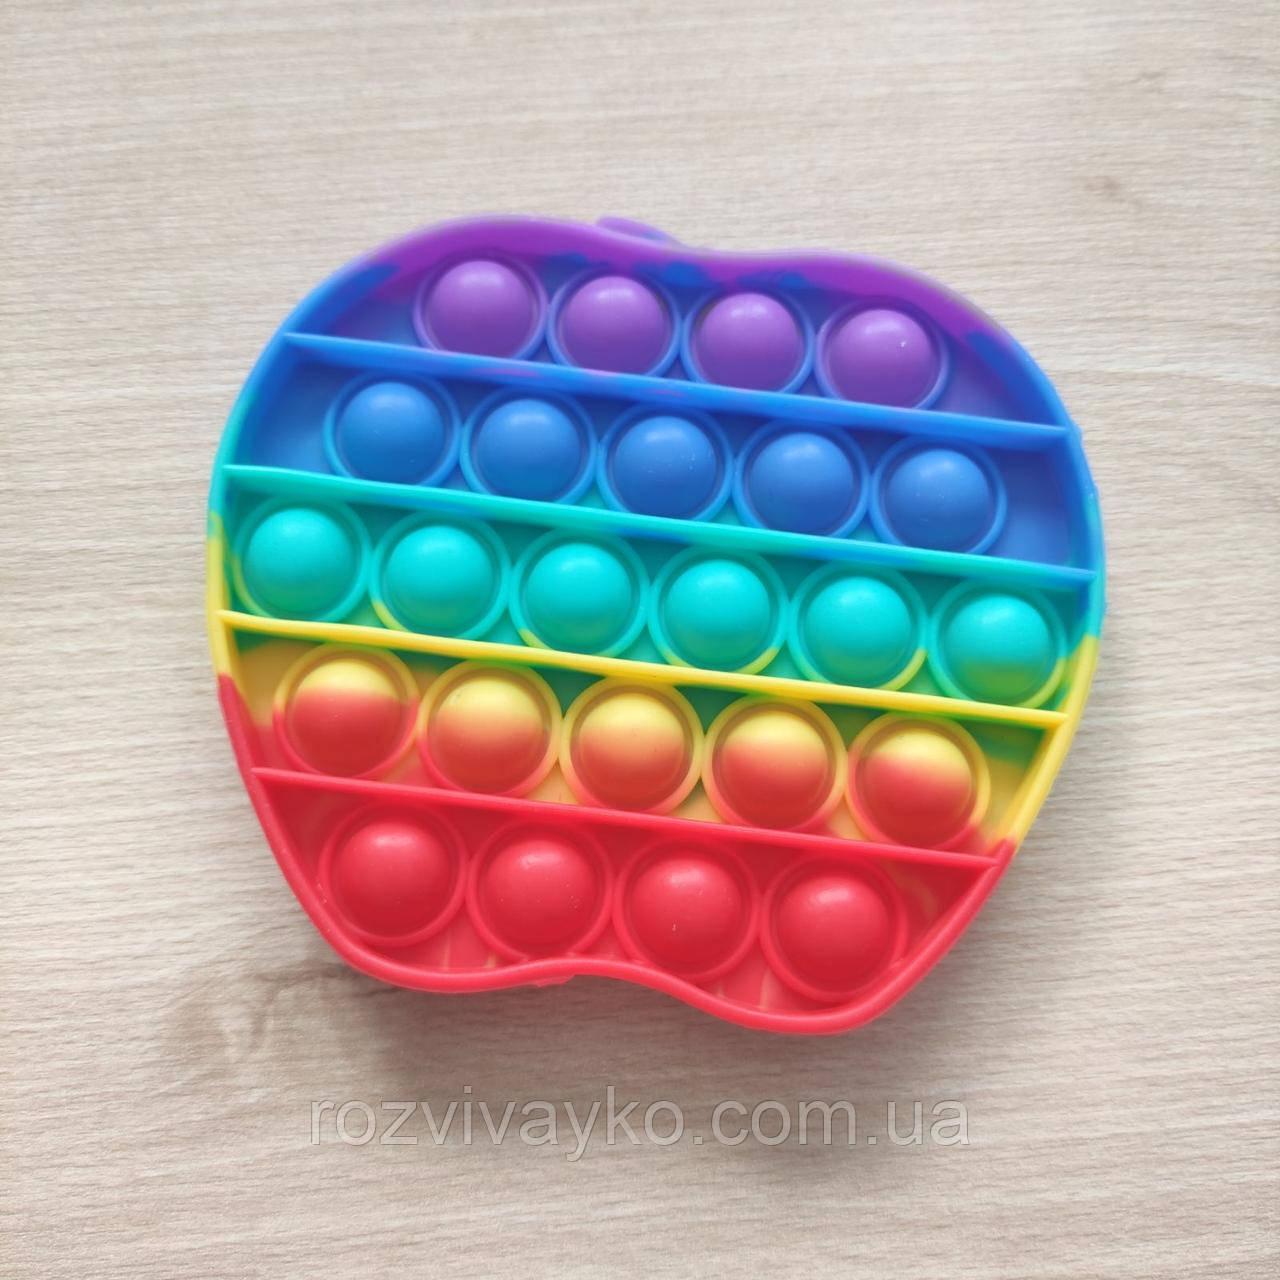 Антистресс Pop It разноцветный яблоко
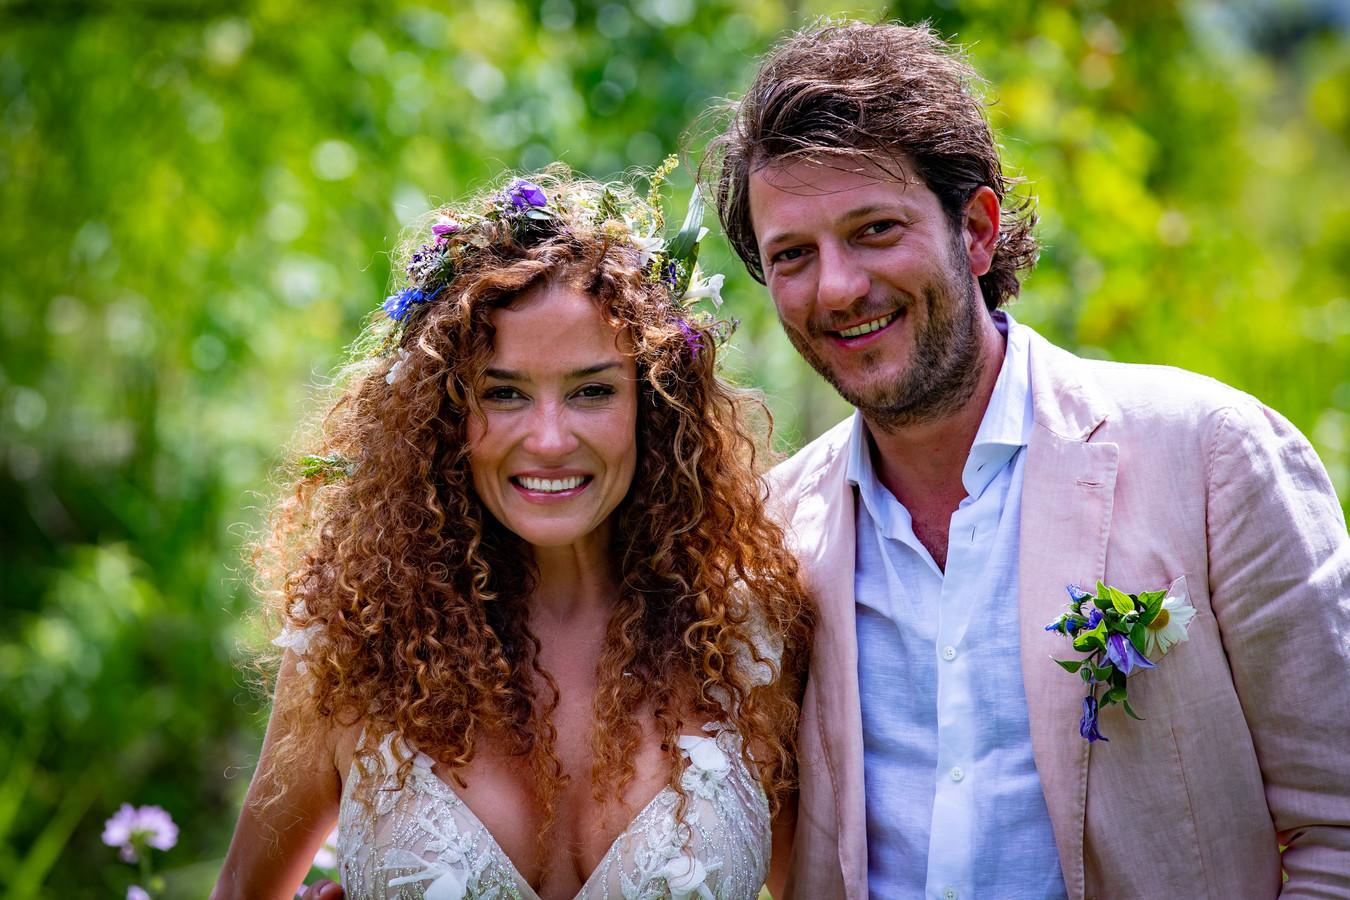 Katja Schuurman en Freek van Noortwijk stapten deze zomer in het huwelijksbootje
--
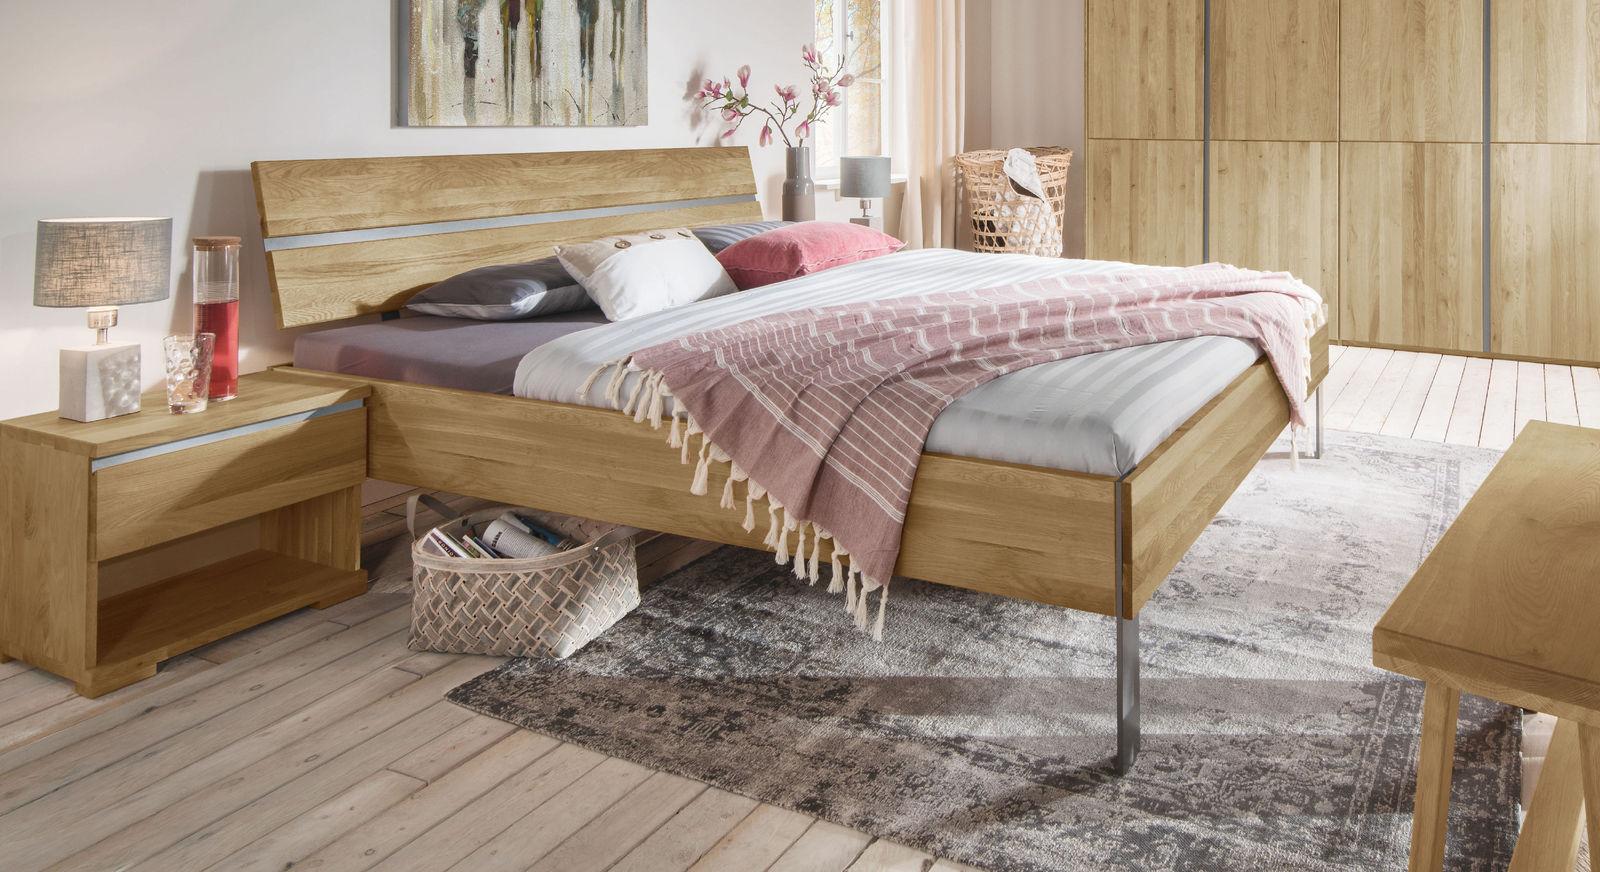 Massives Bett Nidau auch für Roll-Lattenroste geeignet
---
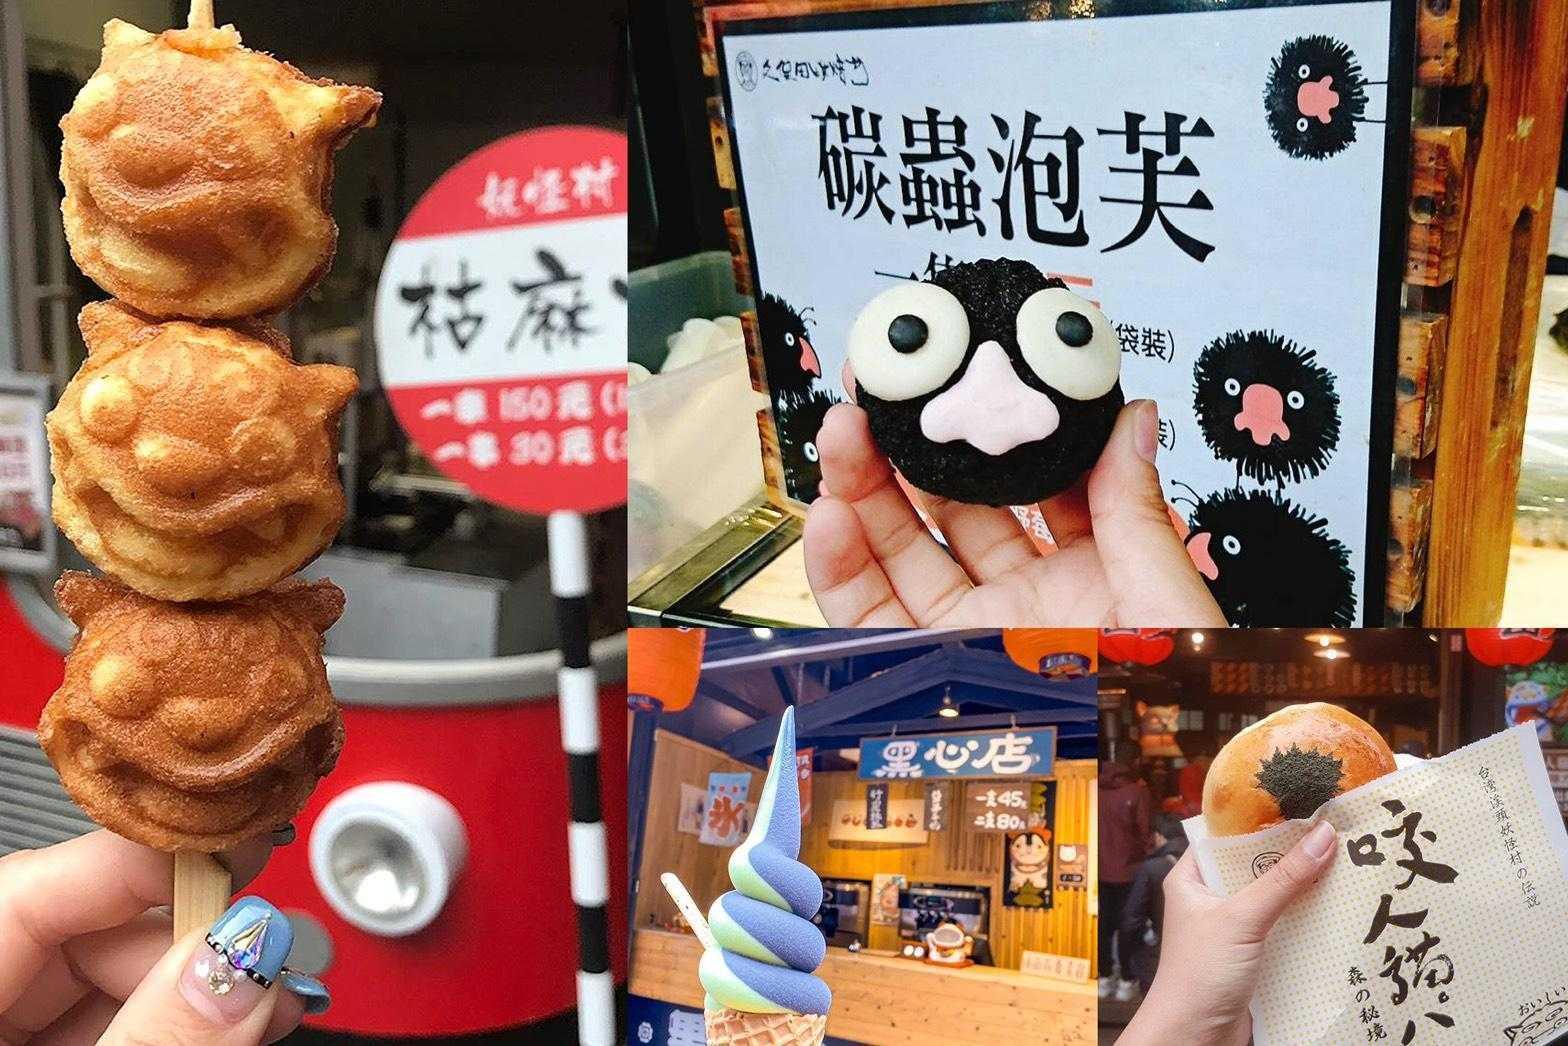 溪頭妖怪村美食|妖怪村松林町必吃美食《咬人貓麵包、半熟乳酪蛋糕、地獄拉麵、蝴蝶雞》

-- Directions --
What are the lines in the records above, word for word, from the one containing "Антистресс Pop It разноцветный яблоко" through the one containing "Katja Schuurman en", both ends included and pictures left out?

-- Response for this exercise --
 Антистресс Pop It разноцветный яблоко
 Katja Schuurman en Freek van Noortwijk stapten deze zomer in het huwelijksbootje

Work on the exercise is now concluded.